Paul Johnson has done more with less at Navy than any climber in the sport. Yet his name rarely emerges when the inevitable vacancies beckon. Why? It's not because he's 49, has won everywhere he has been, took over a putrid program, went 31-13 and led Navy to three straight bowl games. It's certainly not because he's 93-23 his last nine seasons as a head coach.
It's because at some point in the warped, myth-building business, Johnson got typecast. He and his staff have run the ball so long, Southeastern Conference and Big Ten athletic directors don't even make a telephone call, figuring he'll bring the triple option to their school and frighten the NFL-bound recruits away. The thinking is, how could a guy grooming U.S. naval officers possibly know the first thing about developing a five-star recruit?
That ignorance keeps Johnson at Navy, where, it should be mentioned, he's completely happy and signed until the next decade. His peers know the tremendous job he and his staff have done, but that's not enough to kill long-held perceptions about a coach who exclusively runs the ball.
"That's the real joke: that people don't understand you have play to the personnel you have," he said. "We run because it better suits us. We run the ball because it kills the clock and keeps our defense off the field, because we don't have monster linemen to pass-protect, because we don't have a cannon-armed quarterback.
"Now, the other side of that is, we could pass 50 times a game and people could say, 'This guy can't coach a lick and they can't win a game.' But I was once told, I think before I got my first job, that they actually expected me to win."
Johnson used to throw, when he had the cannons. As an offensive coordinator in Hawaii, he called the plays that set all the school's passing records until June Jones took over. He makes no excuse for the triple option, especially after his former Georgia Southern players recently sent him a T-shirt with a litany of gaudy numbers on it from his days as an offensive coordinator and head coach there.
Between 1997 and 2001, Johnson went 62-10 and won two Division I-AA championships.
"I've heard it's a gimmick offense," he said. "Well, we sure had some consistency with that gimmick, didn't we?"
Of Navy, he said: "It's a tough place to recruit, but the kids get a great education and it's a noble cause. I'm not going to apologize for running the ball. I've always tried to do what gives you the best chance to win."
After the pageantry and the nostalgia, Navy-Notre Dame today is less a rivalry and more a case study in the haves and have-nots of college football.

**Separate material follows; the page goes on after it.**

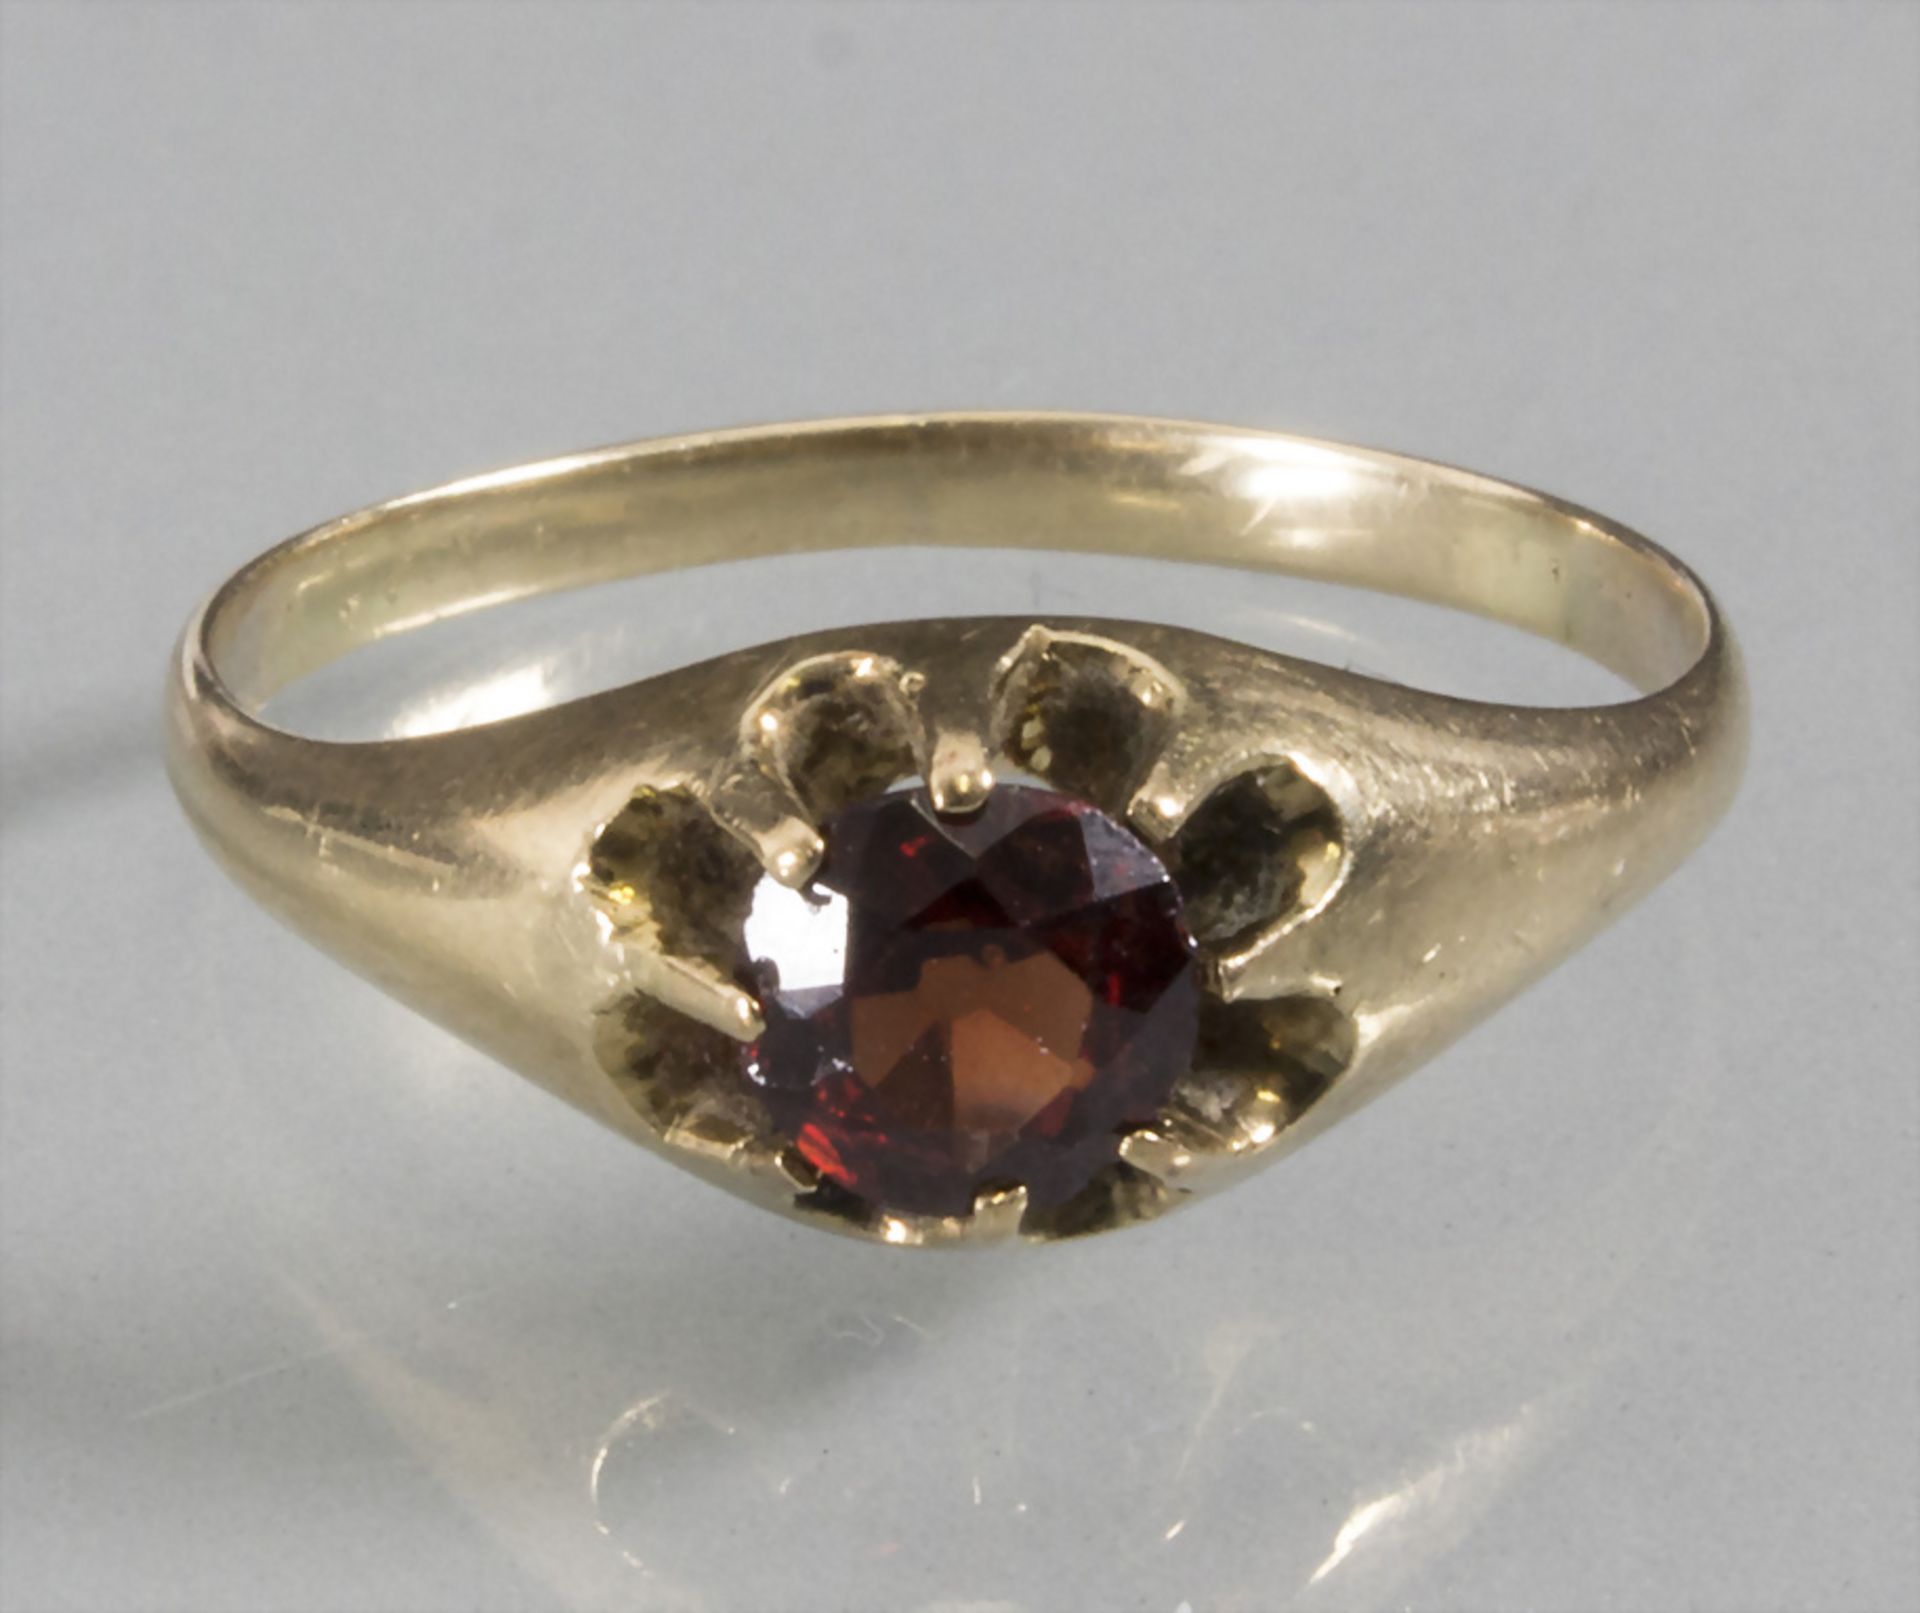 Damenring / A ladies 14ct gold ring with a ruby, um 1900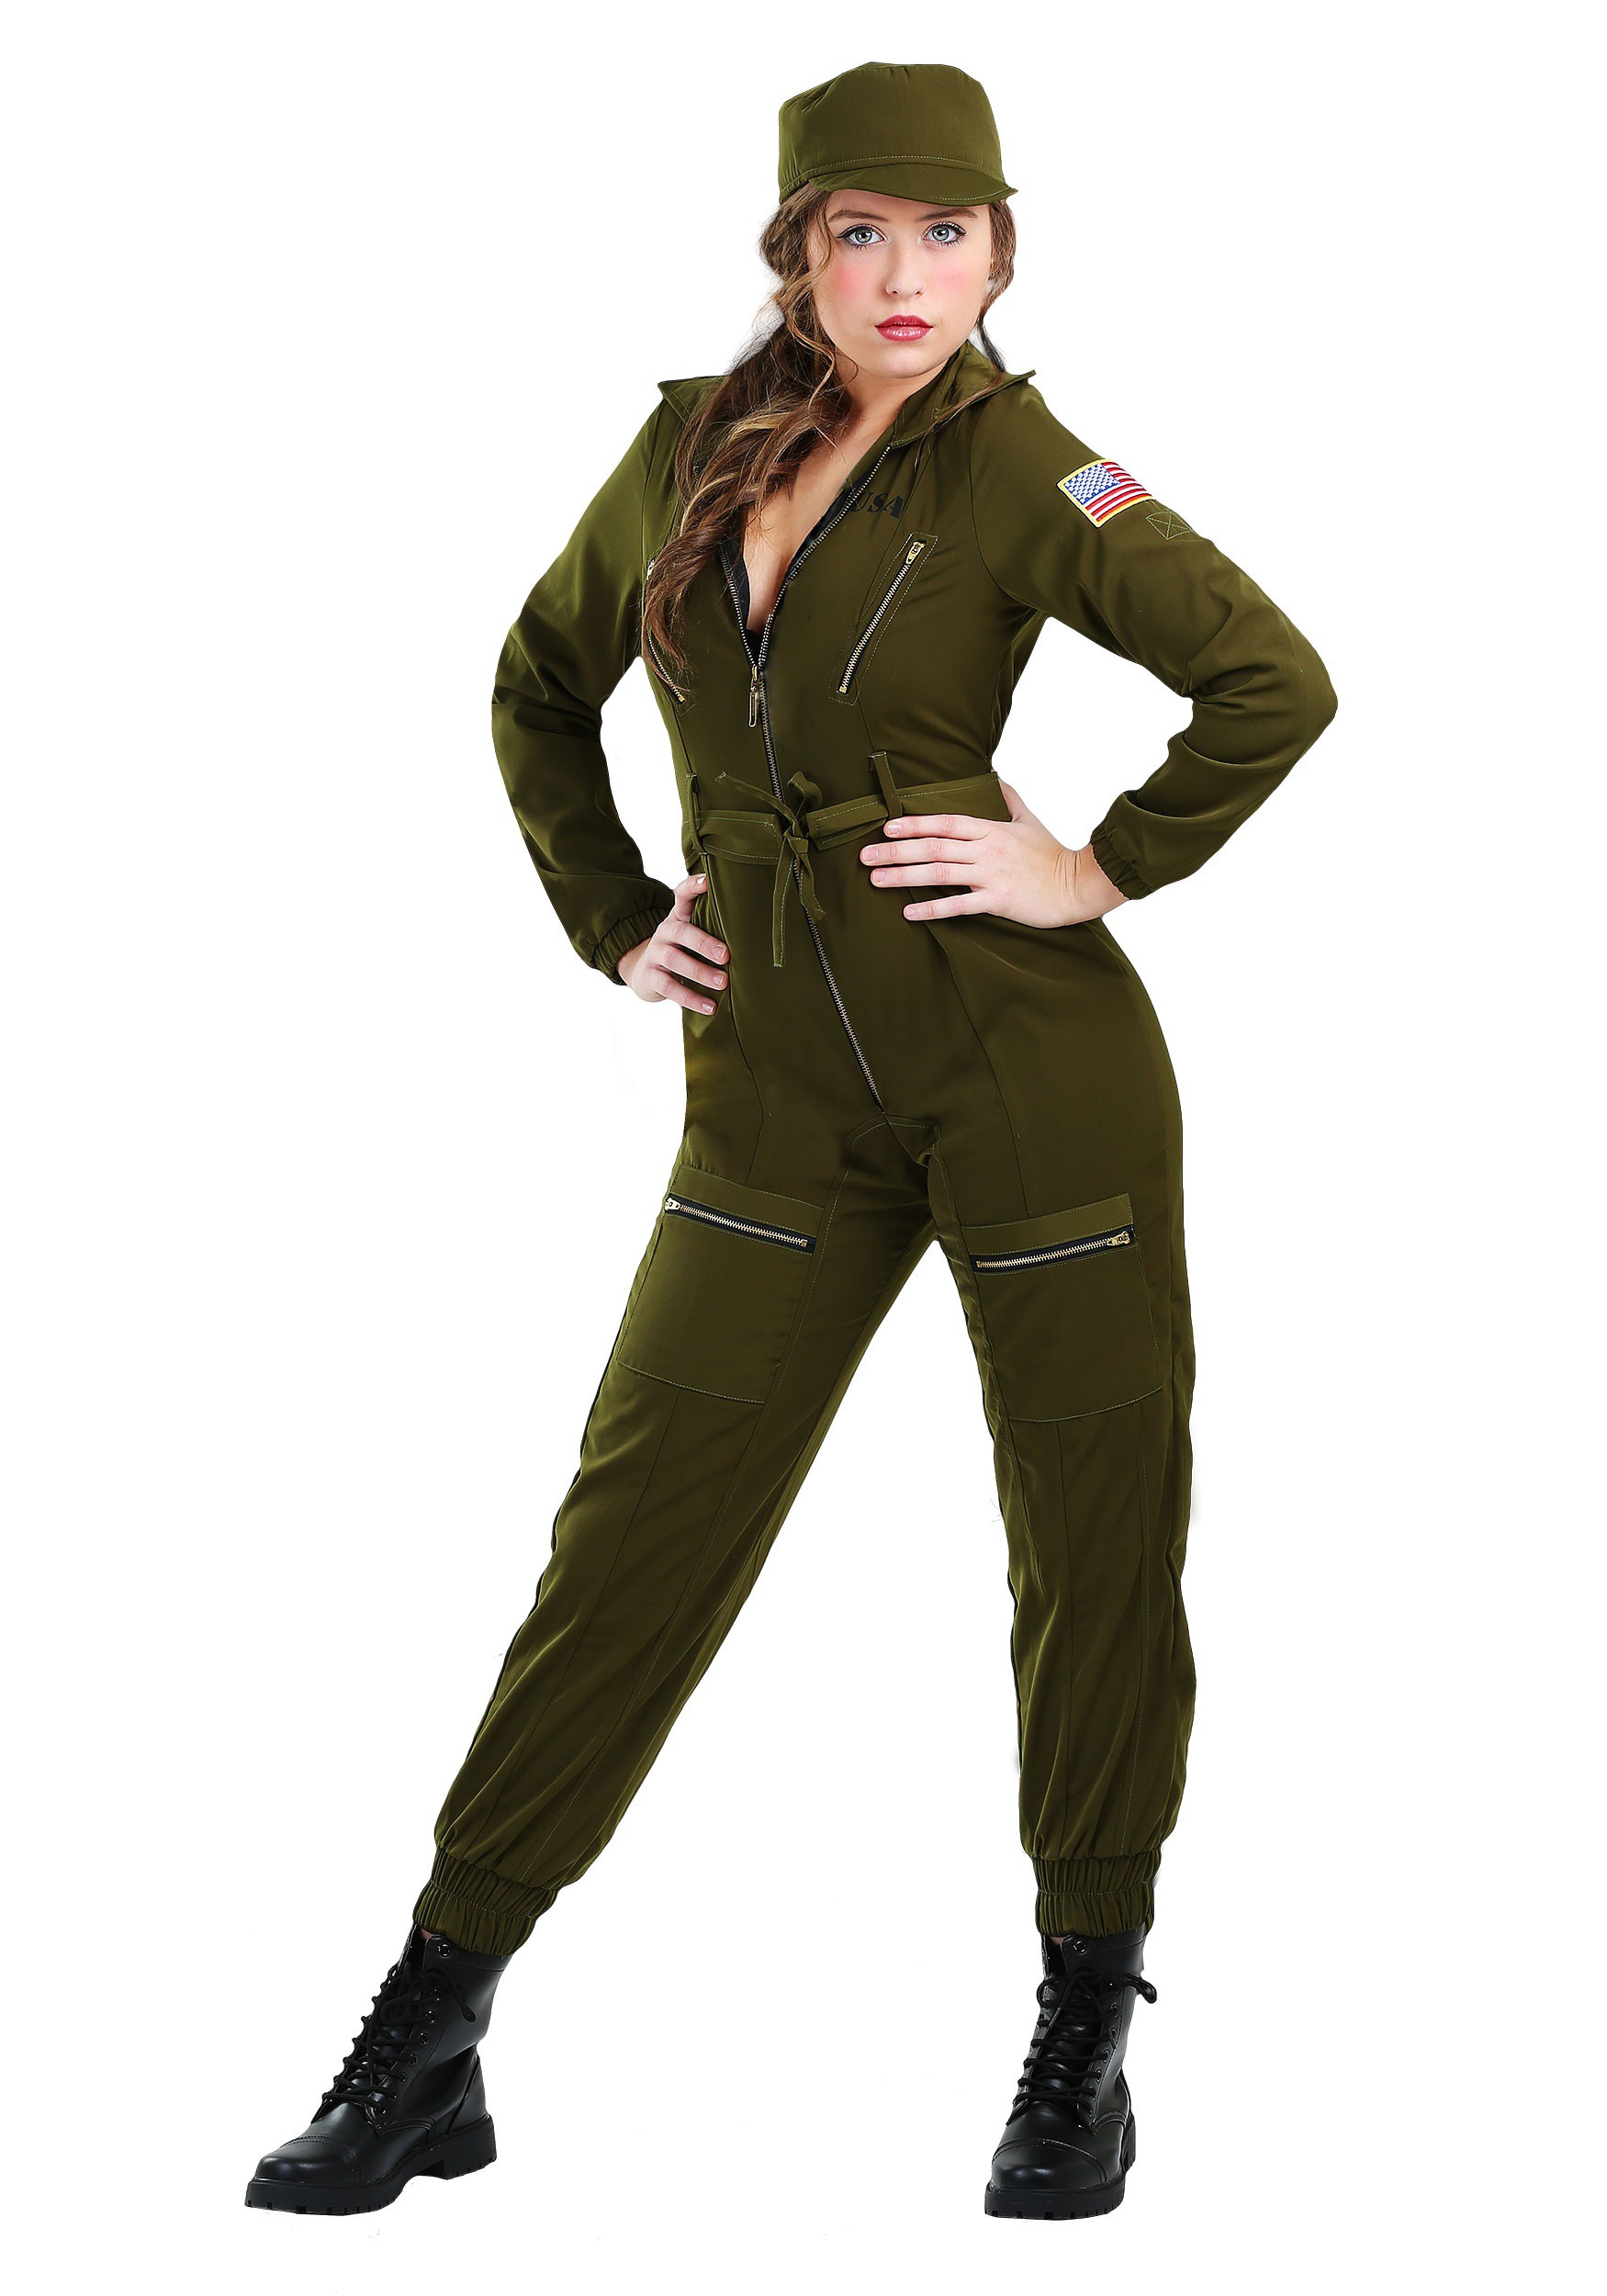 Photos - Fancy Dress FUN Costumes Army Flightsuit Women's Costume | Army Costumes for Women Gre

Navy's starting quarterback this season, Brian Hampton, was lost to injury for the year. The Midshipmen's shot at ending the nation's longest losing streak to one school (42 games and counting) hovers somewhere between slim and impossible this afternoon. Notre Dame figures to roll, and Quinn figures to carve up Navy's secondary.
It doesn't make Weis any better or worse a coach than Johnson.
"If I had Brady Quinn, yeah, we might throw," Johnson said, facetiously. "In fact, I'd be pretty stupid not to throw it, wouldn't I?"